Al-Luhaidan had held the post for over two decades.

His dismissal by King Abdullah came as the monarch, who died in 2015, cautiously introduced reforms and tried to curtail some of the sweeping influence of Wahhabi clerics.

Al-Luhaidan was also notably a member of the Council of Senior Clerics since its establishment in 1971. The elite body comprised of the kingdom’s most senior male scholars rubber stamps royal policies and issues religious edicts known as fatwas.

In another incident, this time in 2006 during the U.S.-led war in Iraq, a purported audio recording was leaked of al-Luhaidan encouraging young men to fight in Iraq. He denied inciting violence in Iraq and suggested the audio recording had been edited.

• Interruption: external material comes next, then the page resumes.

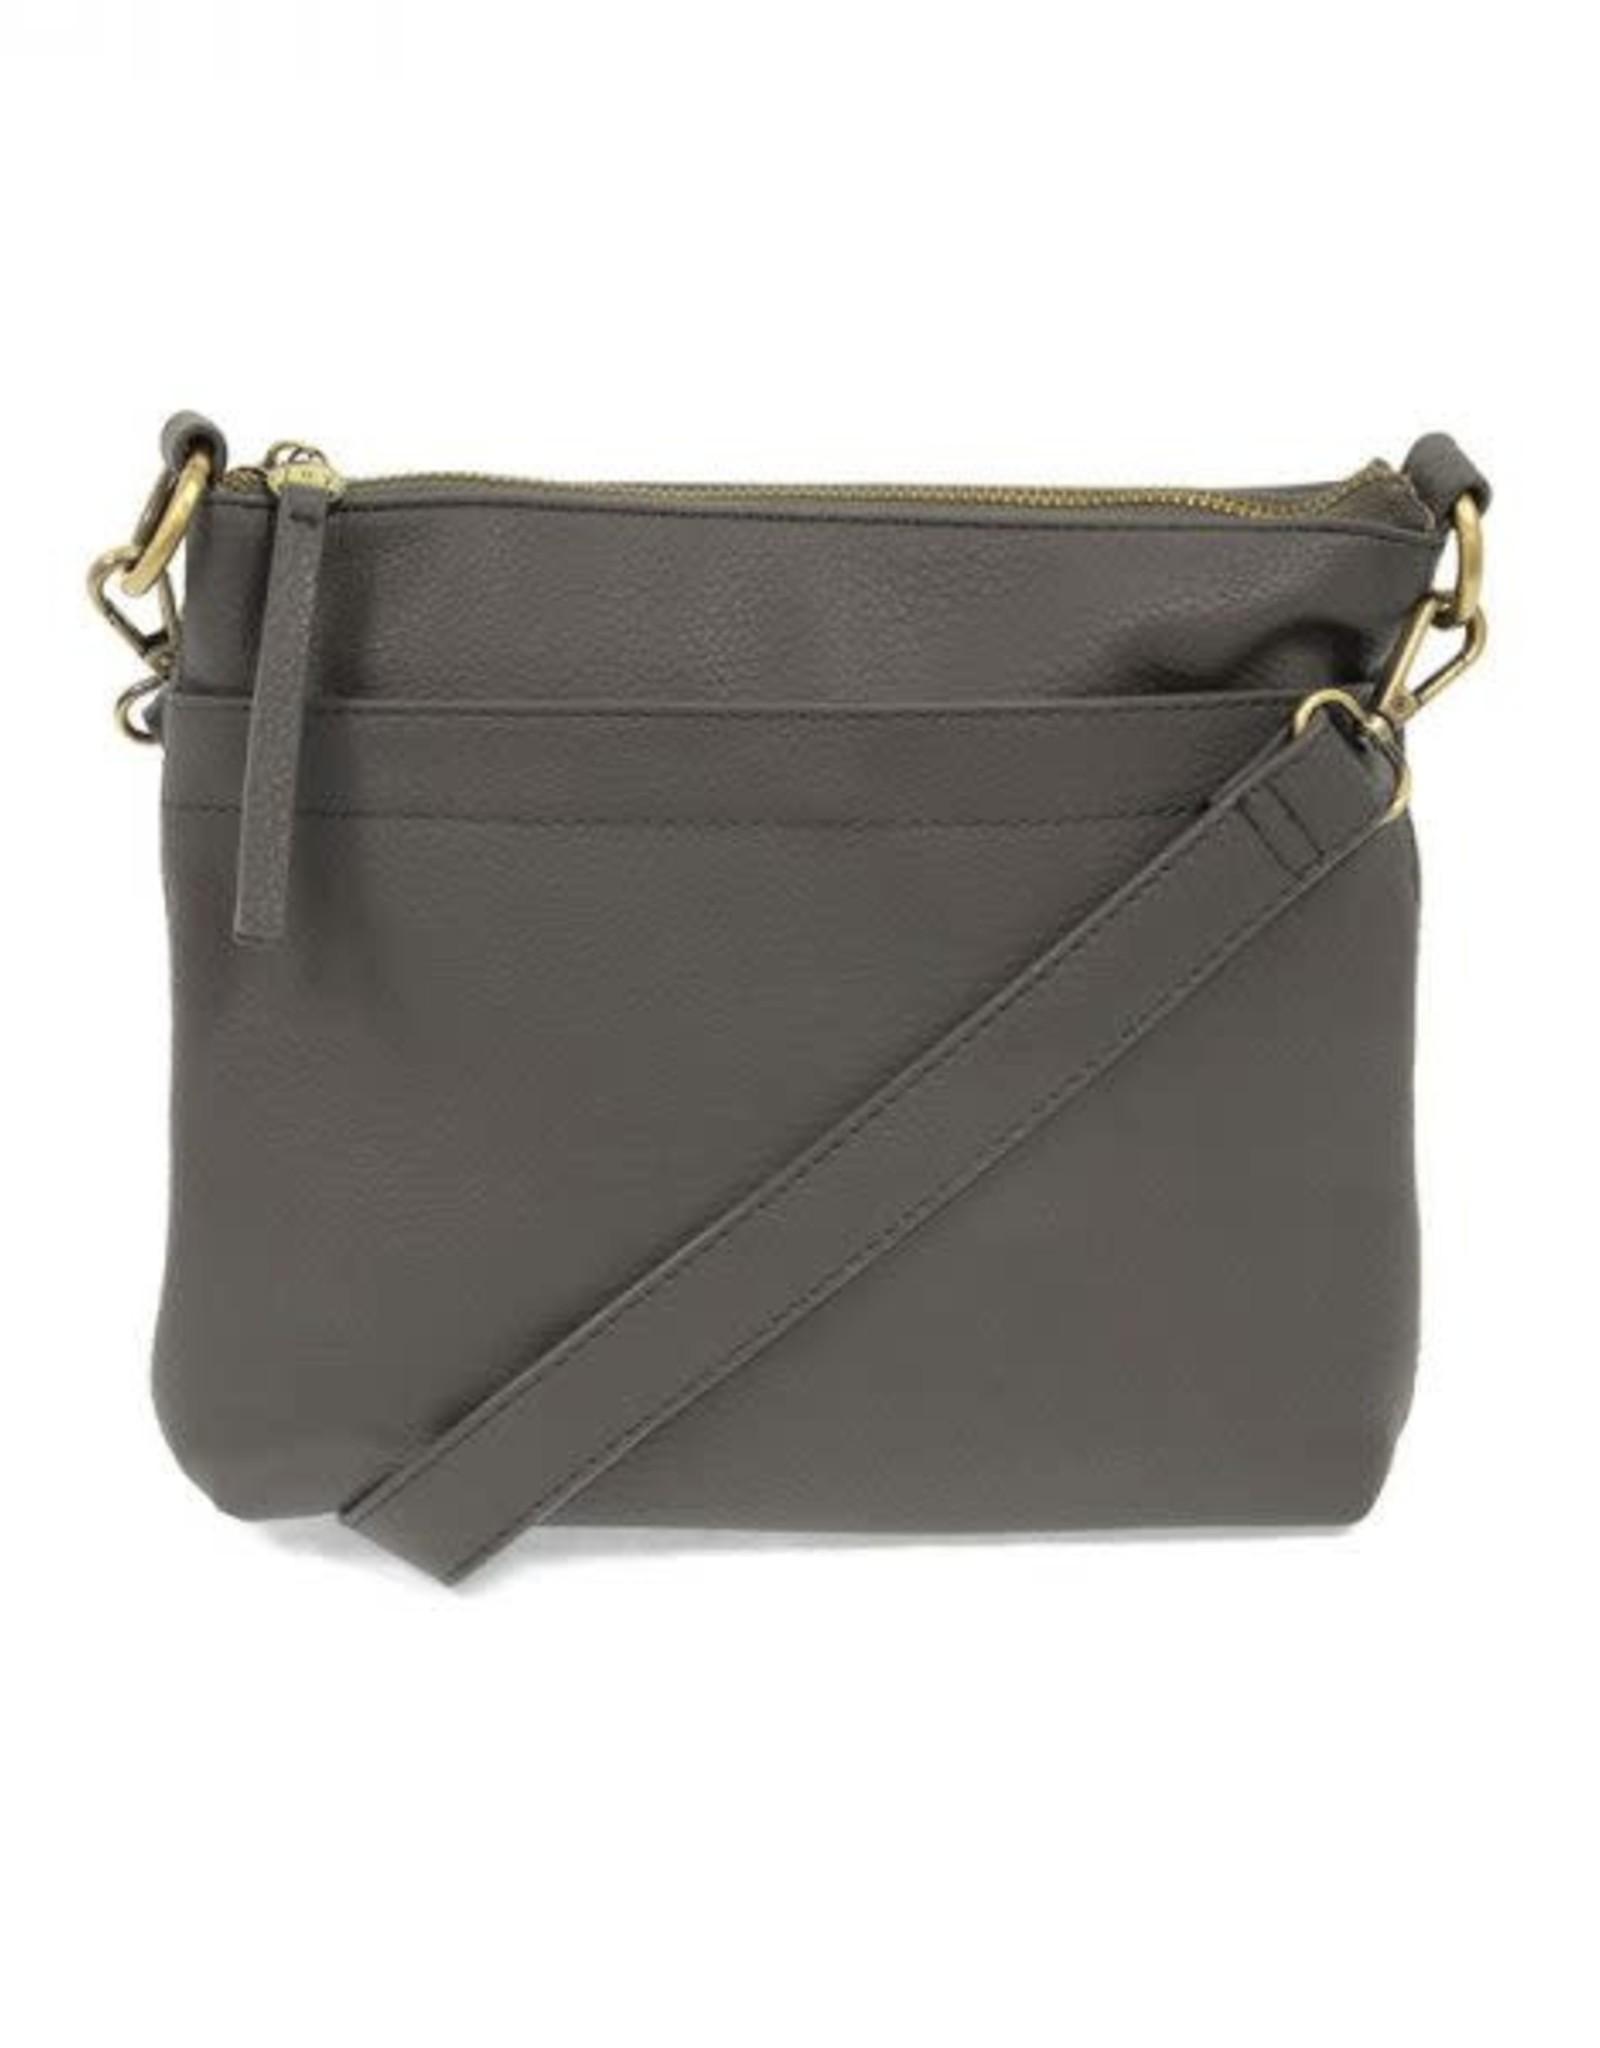 Charcoal Layla Top Zip Crossbody Bag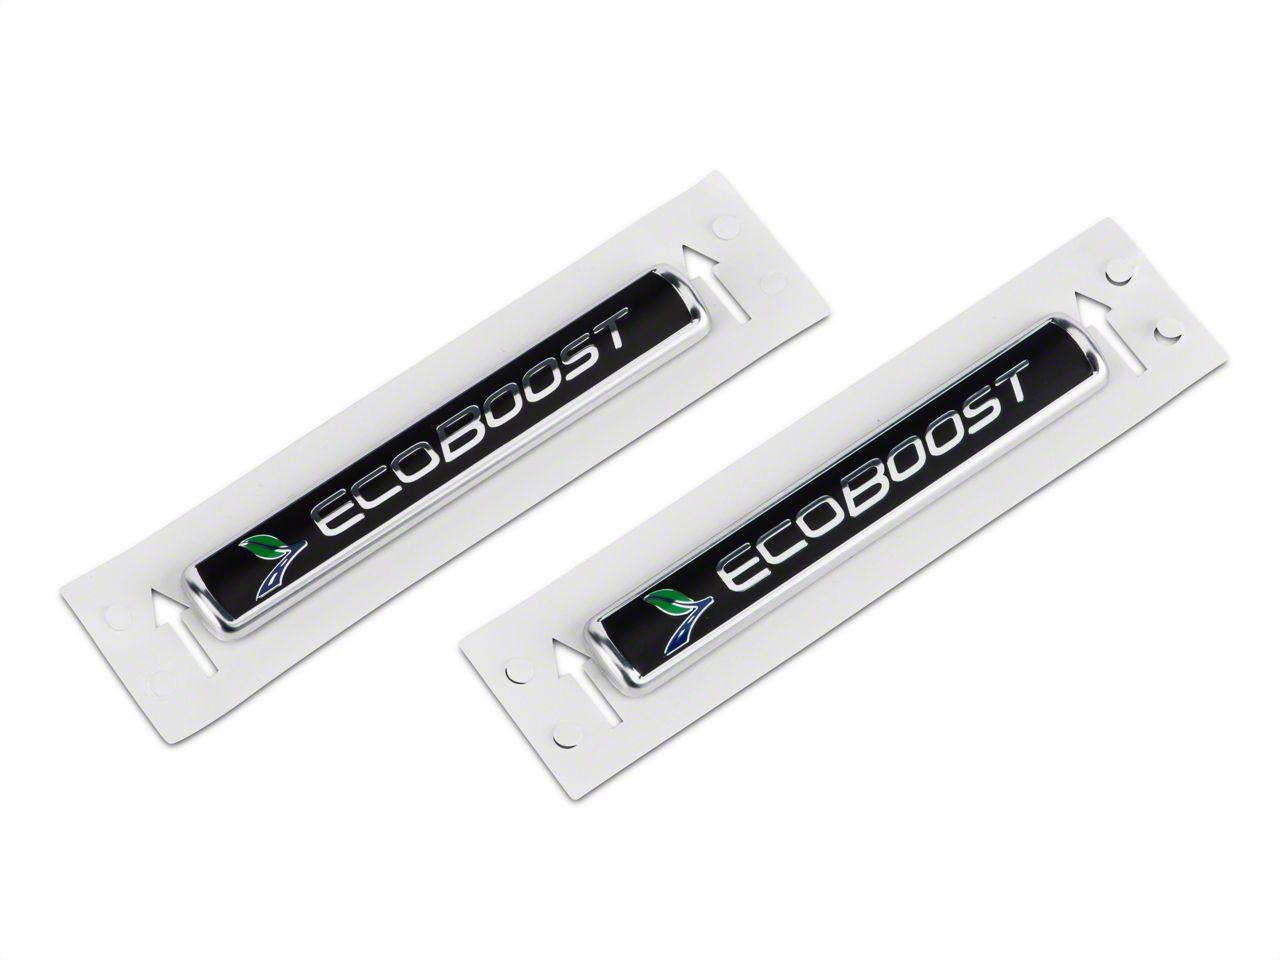 Ford Performance EcoBoost Emblem - Black (11-19 2.7L/3.5L EcoBoost F-150)

Saudi Arabia had been vehemently opposed to the war in Iraq and had warned about the consequences of Iranian influence there.

Throughout other points of his lifetime, al-Luhaidan delivered sermons from Mecca’s Grand Mosque, which houses Islam’s holiest site the Kaaba, oversaw publication of an Islamic magazine and was a member of the Saudi-based Muslim World League.

The sheikh was born in 1931 in the landlocked province of Qassim, known as the kingdom’s most conservative region.

The kingdom has changed dramatically in the years since then, in part because of its oil boom, and more recently as Crown Prince Mohammed bin Salman solidifies his grip on power and shakes up the economy.

With backing by his father, King Salman, the crown prince has clipped the powers of the kingdom’s clerics and religious police, lifted the ban on women driving, permitted concerts and movies, opened the country to tourism, ended gender segregation in public spaces and advocated for a return to moderate Islam .

A report published last year by the Carnegie Endowment for International Peace about Saudi Arabia’s religious reforms noted that King Salman had kept in place conservative figures like Sheikh Saleh al-Luhaidan while appointing more modern-thinking clerics to the Council of Senior Scholars.

The report said the king was meanwhile diluting the influence of Wahhabi clerics by asking for their advice less frequently.

For decades, the Sunni Hanbali offshoot, also known as Wahhabism, had shaped all aspects of life inside the kingdom.

Its adherents preached that women should not be allowed to work in public-facing jobs, drive, play sports or travel without a male guardian. Single men were segregated from women in restaurants, women wearing nail polish or showing their faces were shooed out of malls and music was shunned.

This ideology spread to other Muslim nations, at times with backing by the Saudi government as a means to counter the rising influence of Shiite Iran after the 1979 revolution.